Beloved children's author Roald Dahl, known for books like Charlie and the Chocolate Factory and James and the Giant Peach, lost his daughter, Olivia, to measles in 1962. He became a staunch supporter of child vaccination efforts afterwards, as seen in his writing for a 1988 pamphlet published by the Sandwell Health Authority.

Now, more than 27 years later, his writings on the subject have been thrust into the spotlight as California and the U.S. deal with an ongoing measles outbreak. Dahl's message is as important today as it was back then, but he likely would have never imagined that in the year 2015 there would still be a large and vocal group of people who are staunchly anti-vaccine, or that his message could be seen by millions thanks to the Internet. Dahl begins his letter by telling a heartbreaking story of OIivia's passing.

Olivia, my eldest daughter, caught measles when she was seven years old. As the illness took its usual course I can remember reading to her often in bed and not feeling particularly alarmed about it. Then one morning, when she was well on the road to recovery, I was sitting on her bed showing her how to fashion little animals out of coloured pipe-cleaners, and when it came to her turn to make one herself, I noticed that her fingers and her mind were not working together and she couldn't do anything.

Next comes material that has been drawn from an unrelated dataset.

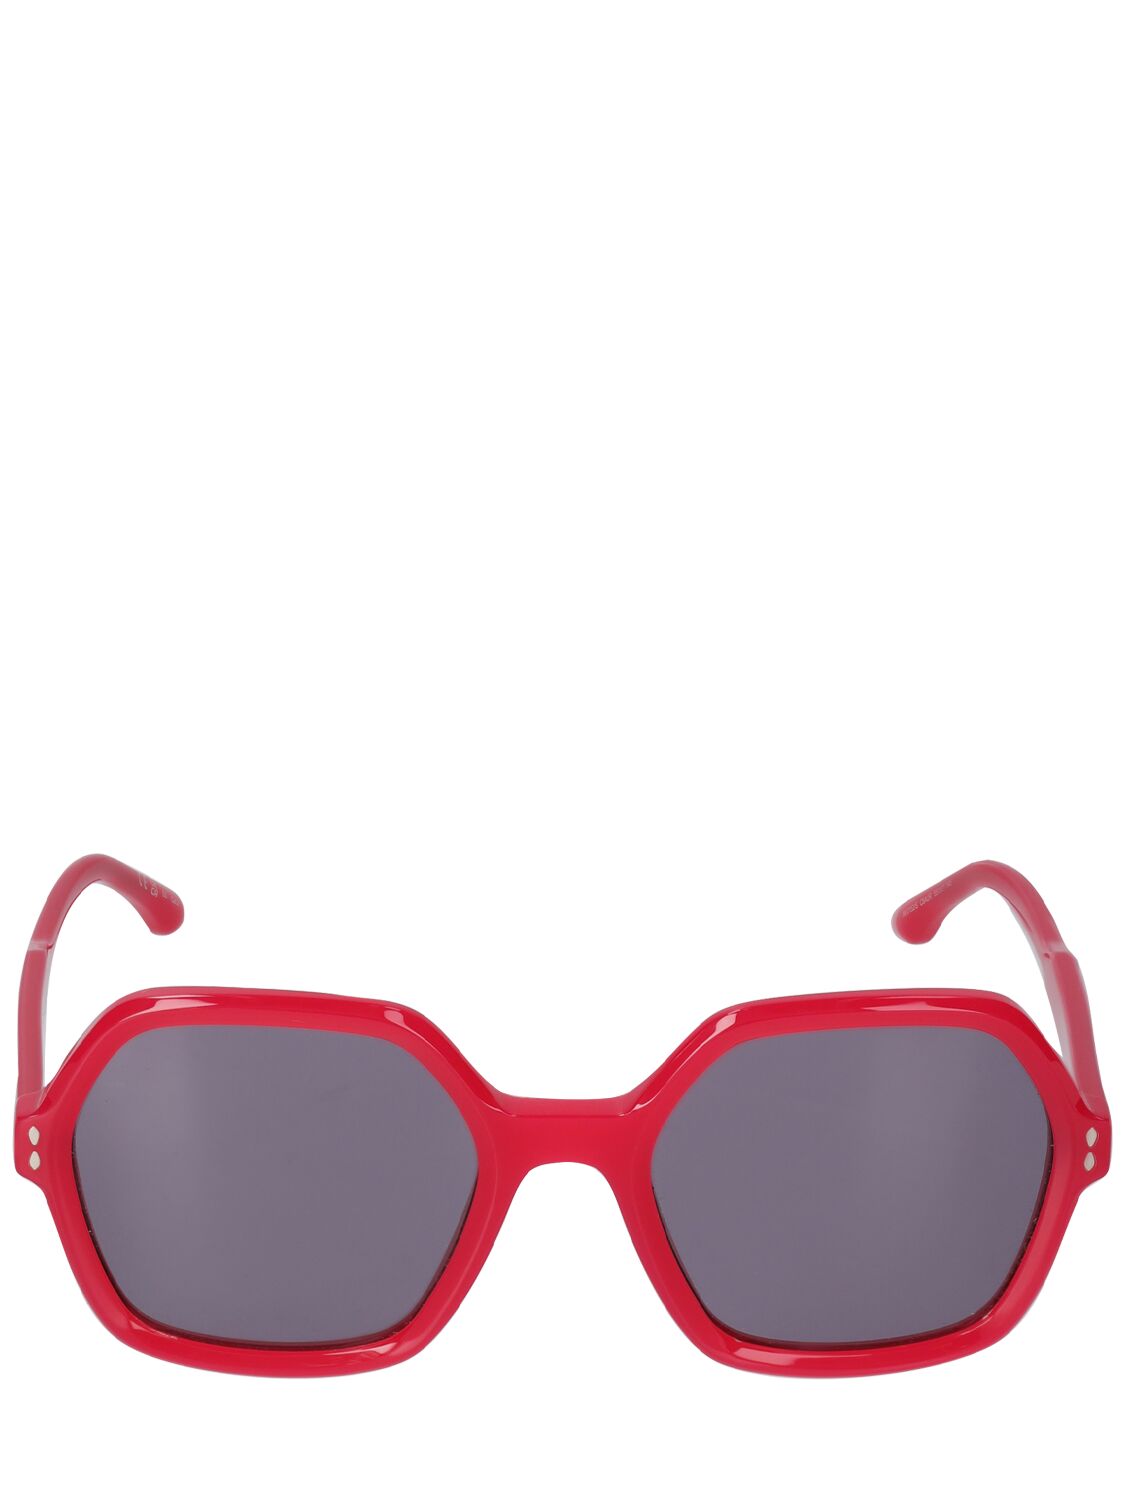 Image of The In Love Classic Acetate Sunglasses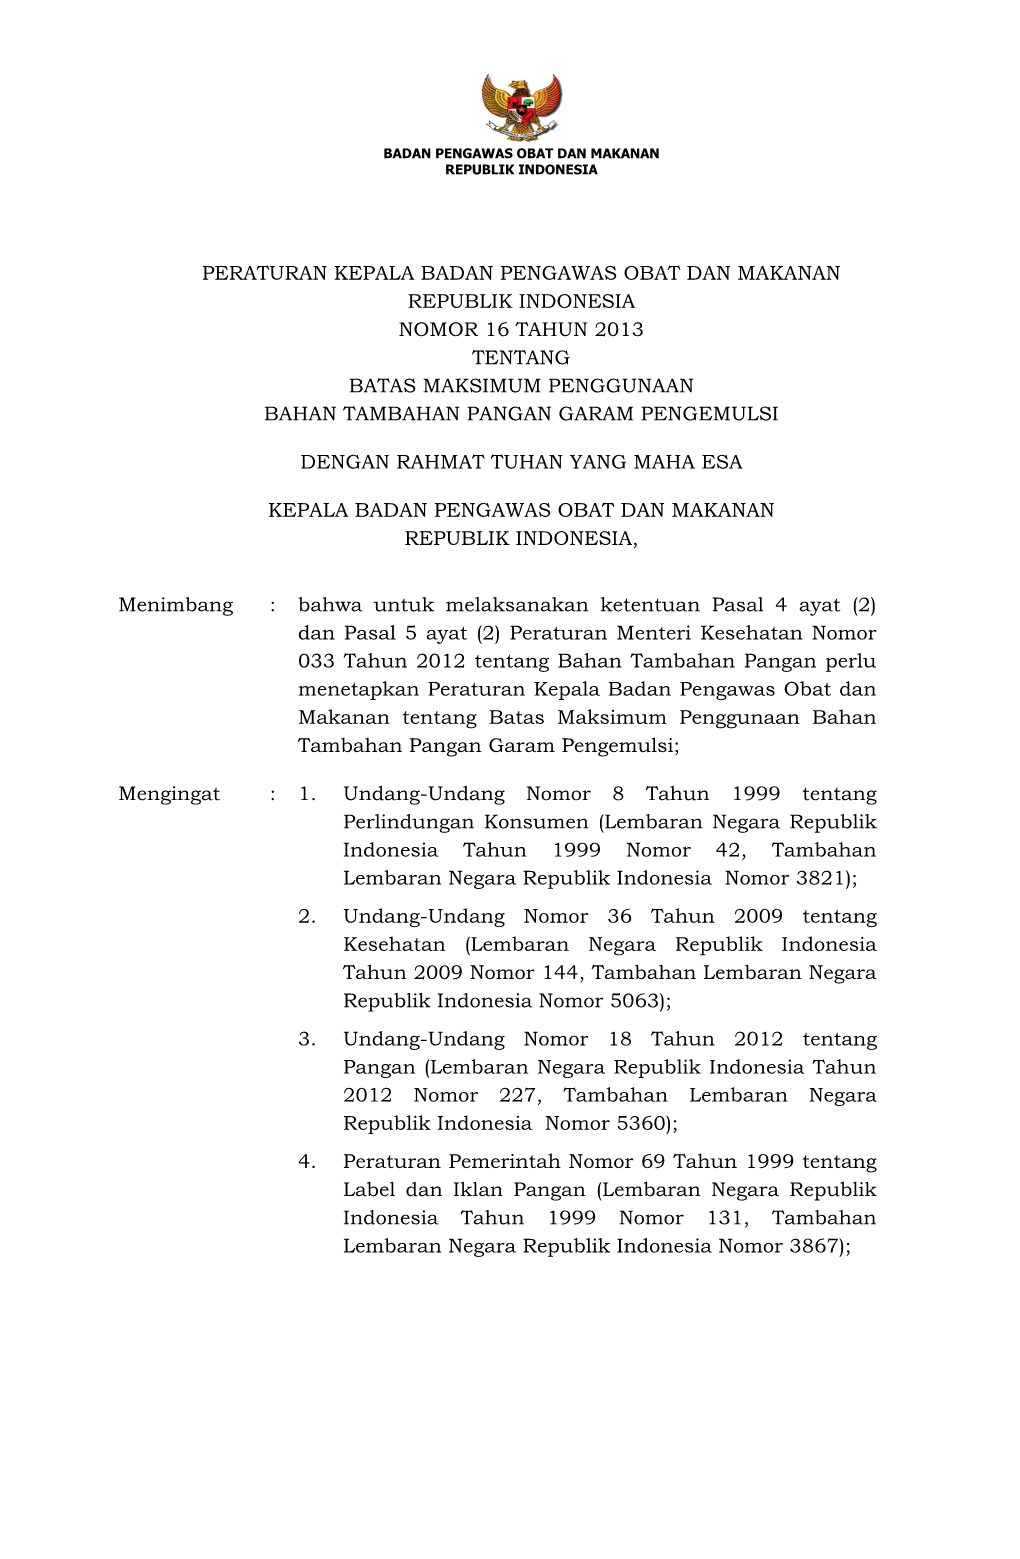 Peraturan Kepala Badan Pengawas Obat Dan Makanan Republik Indonesia Nomor 16 Tahun 2013 Tentang Batas Maksimum Penggunaan Bahan Tambahan Pangan Garam Pengemulsi

"Are you feeling all right?" I asked her.

"I feel all sleepy," she said.

In an hour, she was unconscious. In twelve hours she was dead.

In 1962, Olivia did not receive a measles vaccine. At the time vaccines were unreliable. Not so in 1988 when Dahl wrote this piece, and not so today. Dahl explains the danger of measles, and the ignorance of those who refuse to vaccinate their children:

It is not yet generally accepted that measles can be a dangerous illness. Believe me, it is. In my opinion parents who now refuse to have their children immunised are putting the lives of those children at risk. In America, where measles immunisation is compulsory, measles like smallpox, has been virtually wiped out.

Here in Britain, because so many parents refuse, either out of obstinacy or ignorance or fear, to allow their children to be immunised, we still have a hundred thousand cases of measles every year. Out of those, more than 10,000 will suffer side effects of one kind or another. At least 10,000 will develop ear or chest infections. About 20 will die.

Anti-vaxxers today cite the "hazards" of vaccines as reason to avoid having their children immunized, but today, just as back in 1988, vaccines carry almost no risk. Dahl writes:

So what about the risks that your children will run from being immunised?

They are almost non-existent. Listen to this. In a district of around 300,000 people, there will be only one child every 250 years who will develop serious side effects from measles immunisation! That is about a million to one chance. I should think there would be more chance of your child choking to death on a chocolate bar than of becoming seriously ill from a measles immunisation.

So what on earth are you worrying about? It really is almost a crime to allow your child to go unimmunised.

His words still ring true today. More than 100 cases of the measles have been confirmed in an ongoing outbreak of the highly contagious virus, with many believing the large and vocal anti-vaxxer (people who refuse to vaccinate their children) movement is to blame. At least 58 of those cases began in Disneyland in Dec. 2014, where large numbers of unvaccinated people made it easy for the virus to spread. Unvaccinated people are now being encouraged to avoid Disneyland parks altogether, lest the virus continues to spread. Last year alone the U.S. saw 644 confirmed cases of the measles, more than triple the number of cases in 2013.

The power of the Internet gives us unlimited resources to educate ourselves, as well as entertain. The fact that a nearly 30-year-old letter by Dahl about measles and vaccinations has once again rose to prominence is proof. The Internet gives us all the ability to listen to the voices of the past in a way that was never possible before, all with the click of a mouse. We would do well to listen to what they have to say.